Below this line are records; transcribe exactly the lines between the one holding "2017_BAP_KalliMatt_Gleneagles_CountryClub_Lemont_Wedding-80.jpg" and the one holding "Longra 15 piezas", inclusive, and omit the pictures.

** Opening Records for the exercise block **

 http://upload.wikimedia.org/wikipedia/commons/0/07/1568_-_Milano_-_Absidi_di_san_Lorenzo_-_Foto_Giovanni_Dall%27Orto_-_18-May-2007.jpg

** Closing Records for the exercise block **
** Opening Records for the exercise block **

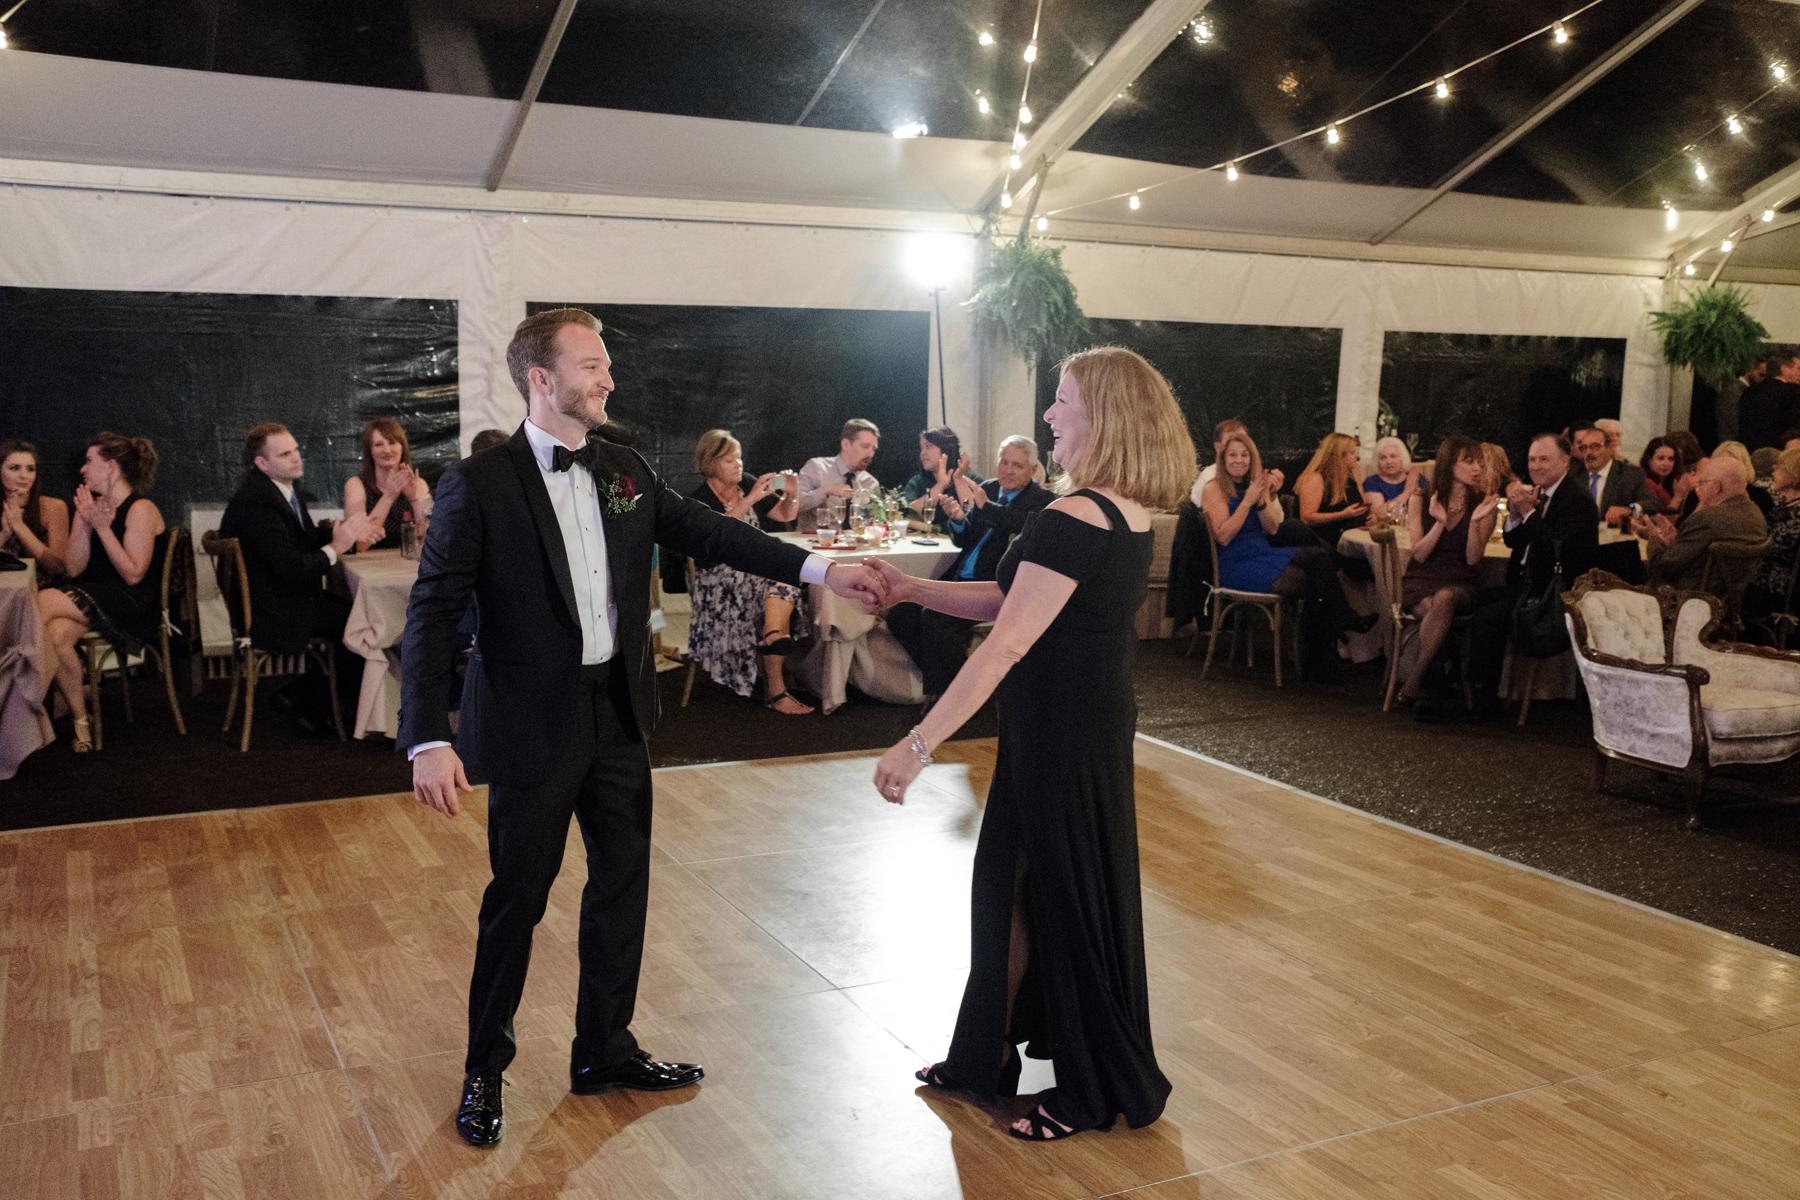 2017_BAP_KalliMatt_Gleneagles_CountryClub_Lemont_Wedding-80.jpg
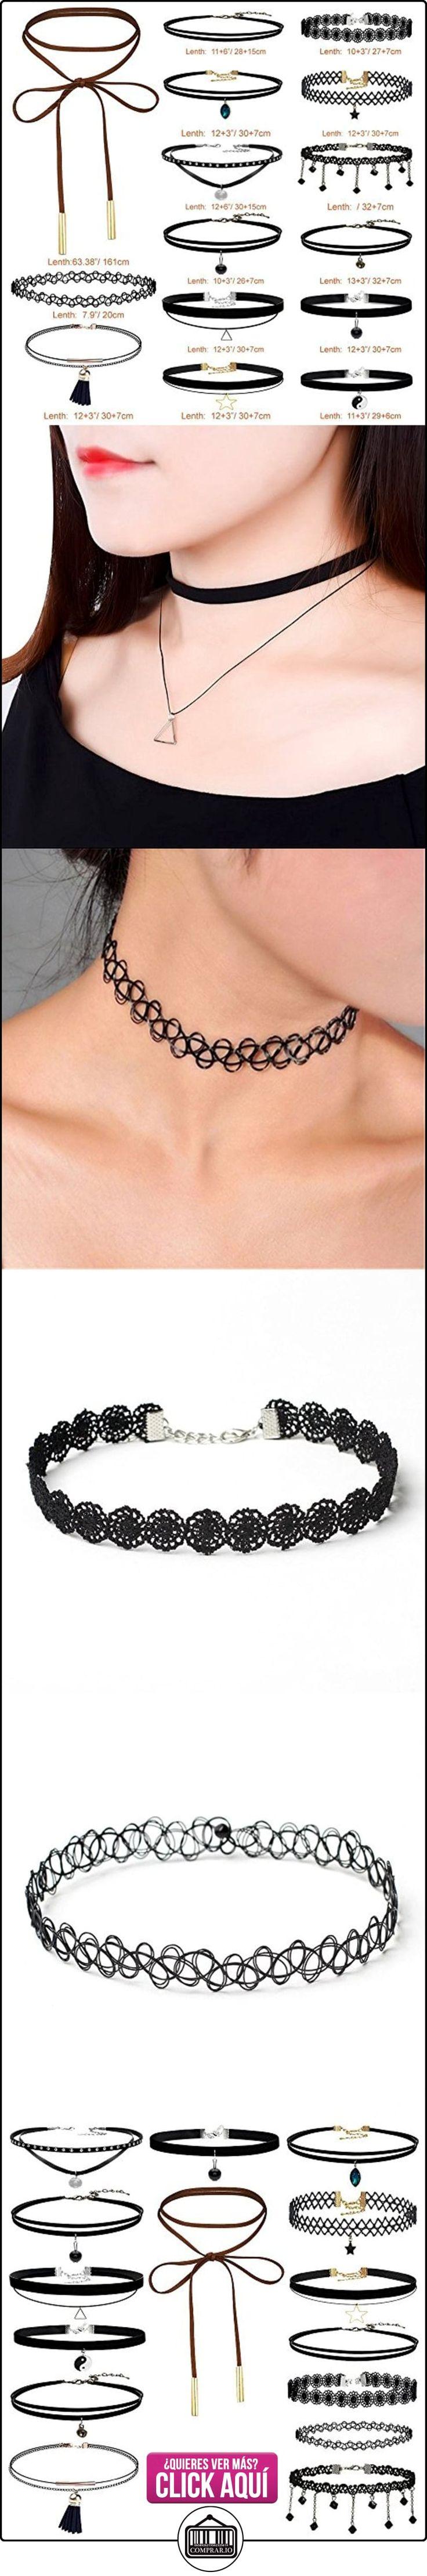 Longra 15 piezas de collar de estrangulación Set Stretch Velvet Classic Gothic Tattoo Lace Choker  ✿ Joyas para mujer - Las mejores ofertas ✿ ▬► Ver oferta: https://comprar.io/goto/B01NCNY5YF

** Closing Records for the exercise block **

- _Answer to the exercise_
 2017_BAP_KalliMatt_Gleneagles_CountryClub_Lemont_Wedding-80.jpg
 Longra 15 piezas de collar de estrangulación Set Stretch Velvet Classic Gothic Tattoo Lace Choker  ✿ Joyas para mujer - Las mejores ofertas ✿ ▬► Ver oferta: https://comprar.io/goto/B01NCNY5YF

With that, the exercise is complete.